2026-04-23 19:07:38 +02:00
Mathias Fredriksson 1ace519c6e fix(coderd/x/chatd): remove cache-miss check blocking agent recovery (#24634)
The cache-miss isAgentUnreachable check added in #24336 runs before
dialWithLazyValidation, preventing the existing switch mechanism from
discovering the new agent after a workspace rebuild. The chat's stale
agent binding is never repaired, causing an infinite loop of
'agent is disconnected' errors.

Remove the cache-miss check. The cache-hit check remains (it verifies
the agent behind an established connection). The dial timeout and
dialWithLazyValidation already bound the cache-miss failure path.

Closes CODAGT-248
2026-04-22 21:49:10 +03:00
Mathias Fredriksson 78d9a220cf fix(coderd/x/chatd): detect disconnected agents in getWorkspaceConn (#24336)
Add agent status check and dial timeout to getWorkspaceConn to
prevent tool calls from hanging when a workspace agent disconnects.

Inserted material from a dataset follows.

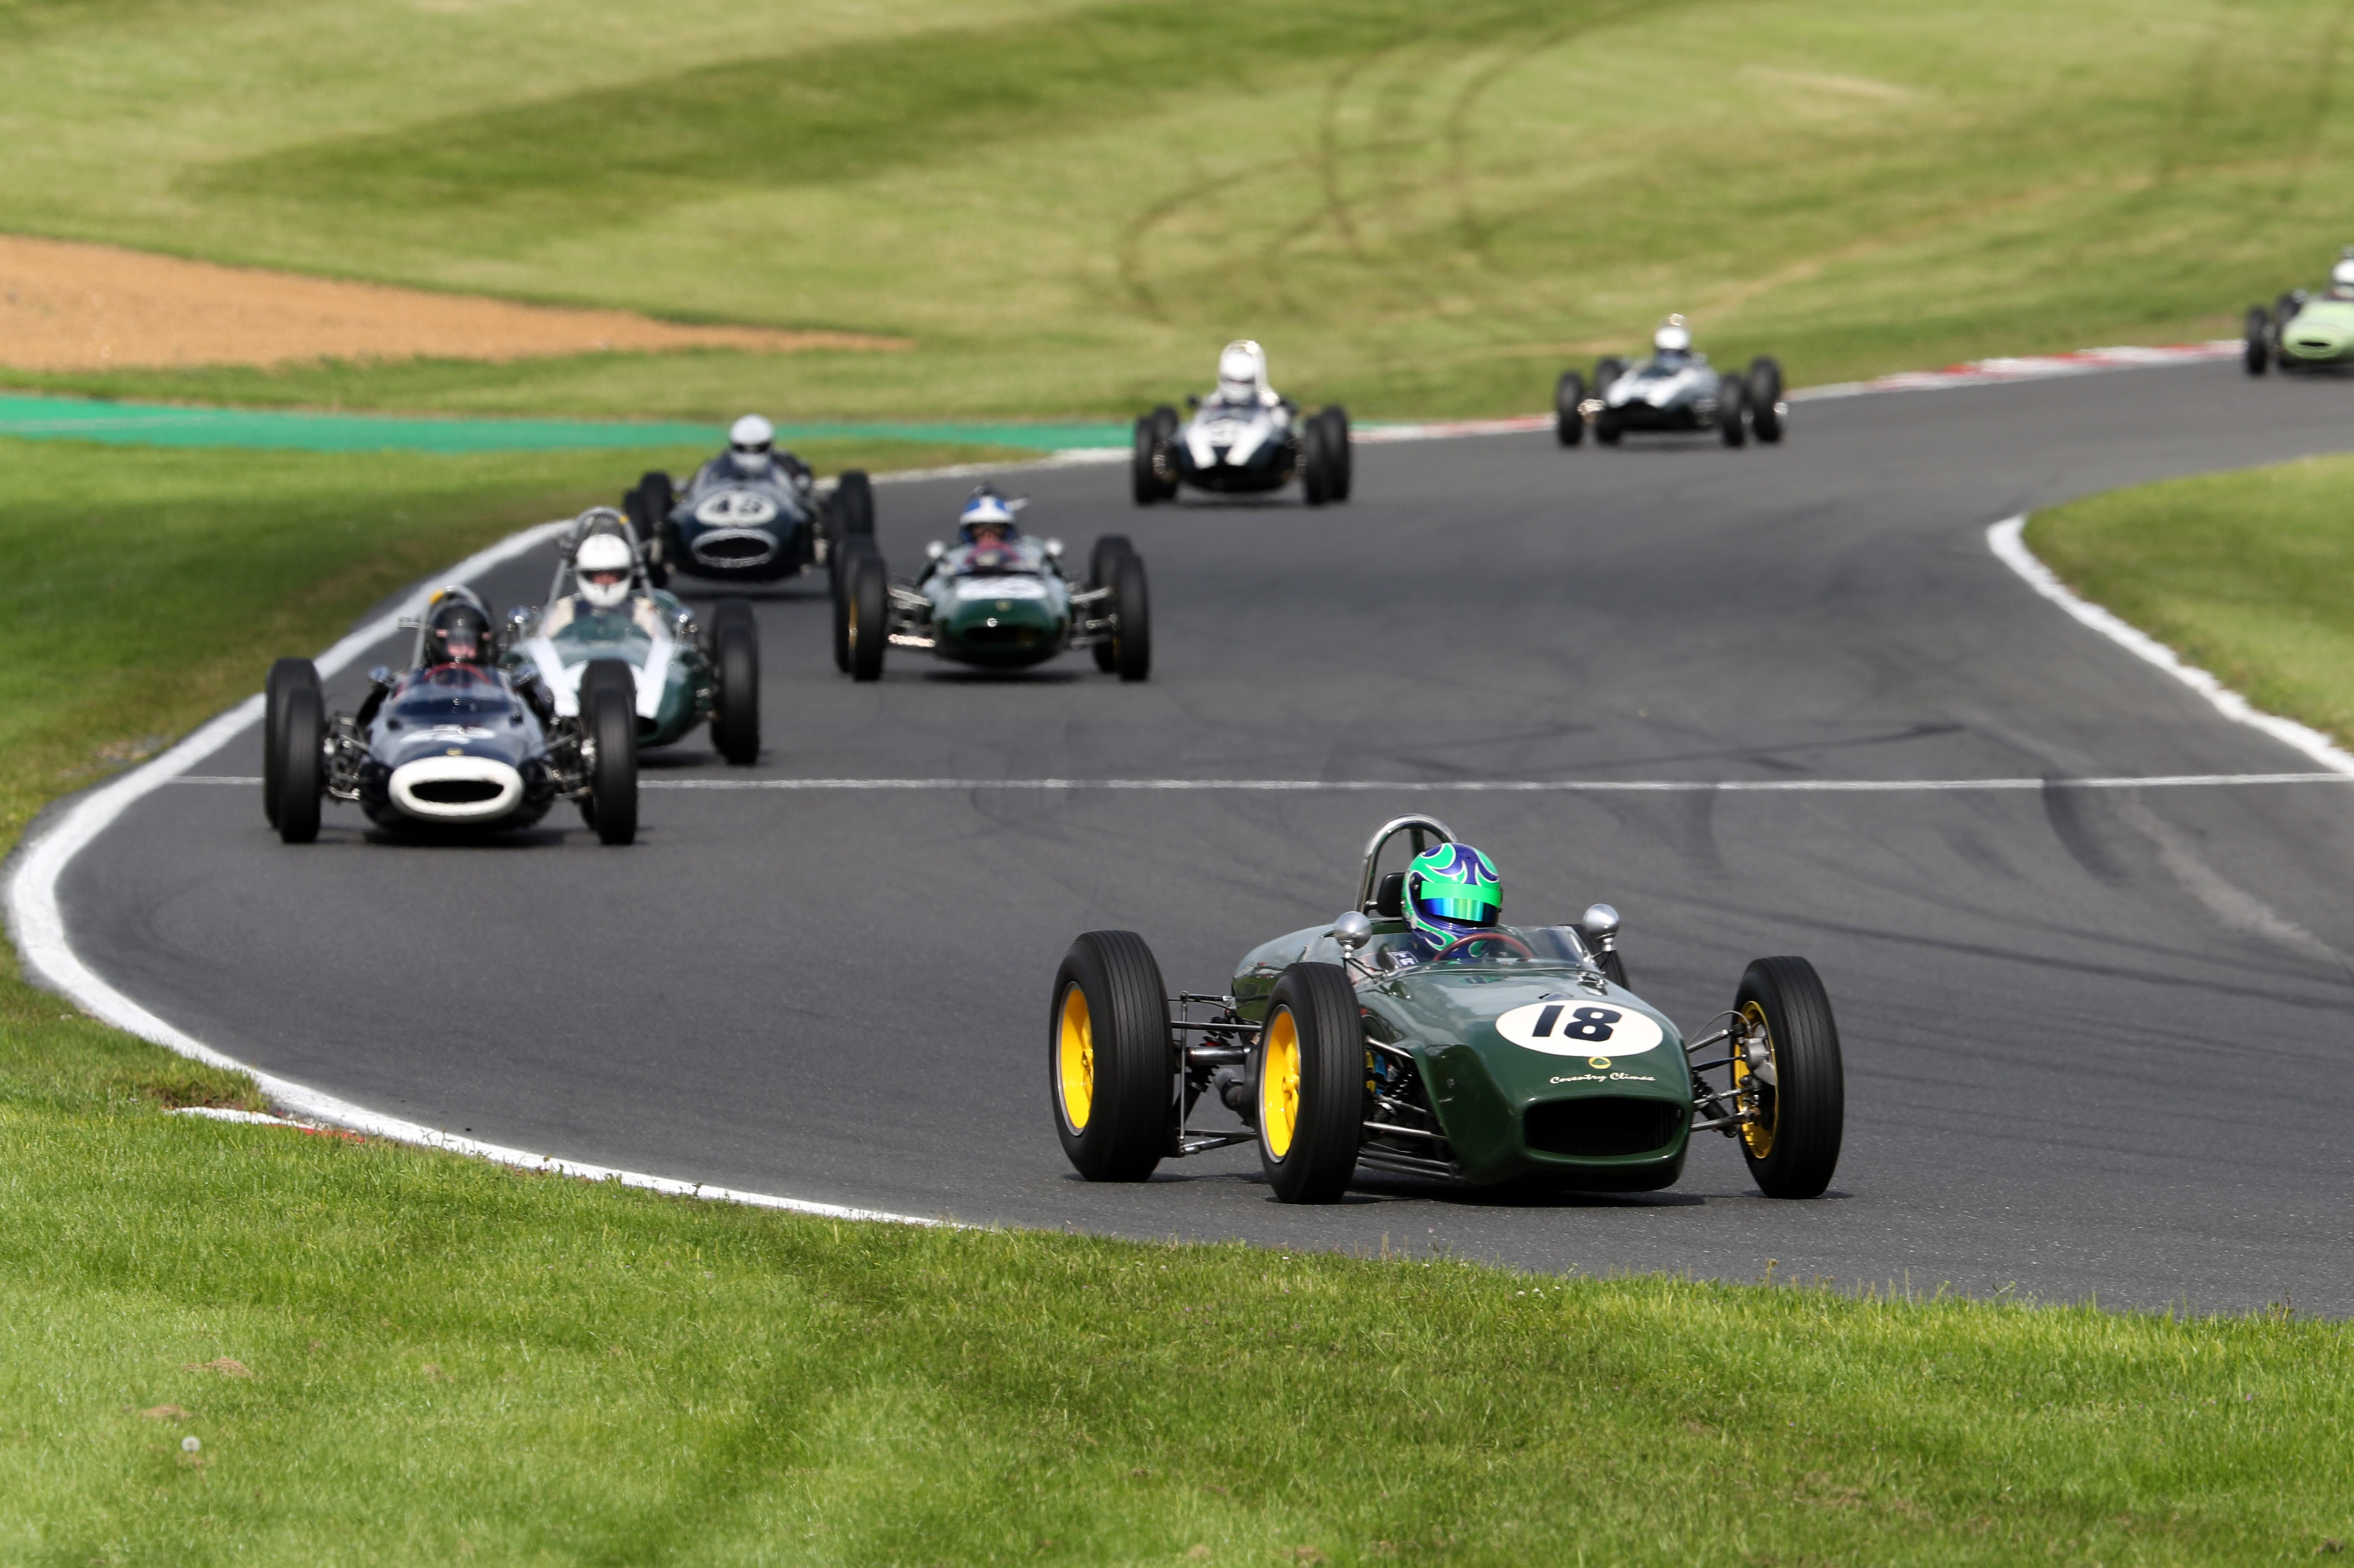 Sam Wilson (Lotus 18), HGPCA, Brands Hatch 2021

Status check: call isAgentUnreachable on every getWorkspaceConn
call. On cache miss, check the freshly fetched agent row. On
cache hit, re-fetch the agent row by PK for a fresh heartbeat
timestamp. Disconnected and timed-out agents return a sentinel
immediately; connecting agents proceed to dial.

Dial timeout: wrap dialWithLazyValidation in a 30s
context.WithTimeoutCause (matching 8 other server-side AgentConn
callers). Parent context cancellation propagates unchanged so
the chatloop can detect ErrInterrupted.

Both sentinels tell the LLM the agent is unreachable and the
workspace may need restarting from the dashboard.

Closes CODAGT-149
2026-04-22 12:10:32 +00:00
Ethan c1421b4ead test(coderd/x/chatd): deflake stale control notification test (#24545)
Previously, `TestProcessChat_IgnoresStaleControlNotification` could
return as soon as `UpdateChatStatus` ran, even though `processChat`
still re-read chat state and finished deferred cleanup afterward. That
let gomock and quartz teardown race the tail of cleanup and
intermittently fail the test.

Wait for `processChat` itself to return before asserting the final
status, while keeping the existing strict mock expectations intact.

Closes https://github.com/coder/internal/issues/1479
2026-04-22 00:08:34 +10:00
Michael Suchacz f073323c89 refactor: unify subagent spawn behind spawn_subagent (#24535)
Unify the three subagent spawn tools (`spawn_agent`,
`spawn_explore_agent`, `spawn_computer_use_agent`) behind a single
`spawn_subagent` tool keyed by a `subagent_type` discriminant
(`general`, `explore`, `computer_use`). Mirrors the single-entry-point
pattern already used by `task` in mux while keeping `wait_agent`,
`message_agent`, and `close_agent` as separate lifecycle tools.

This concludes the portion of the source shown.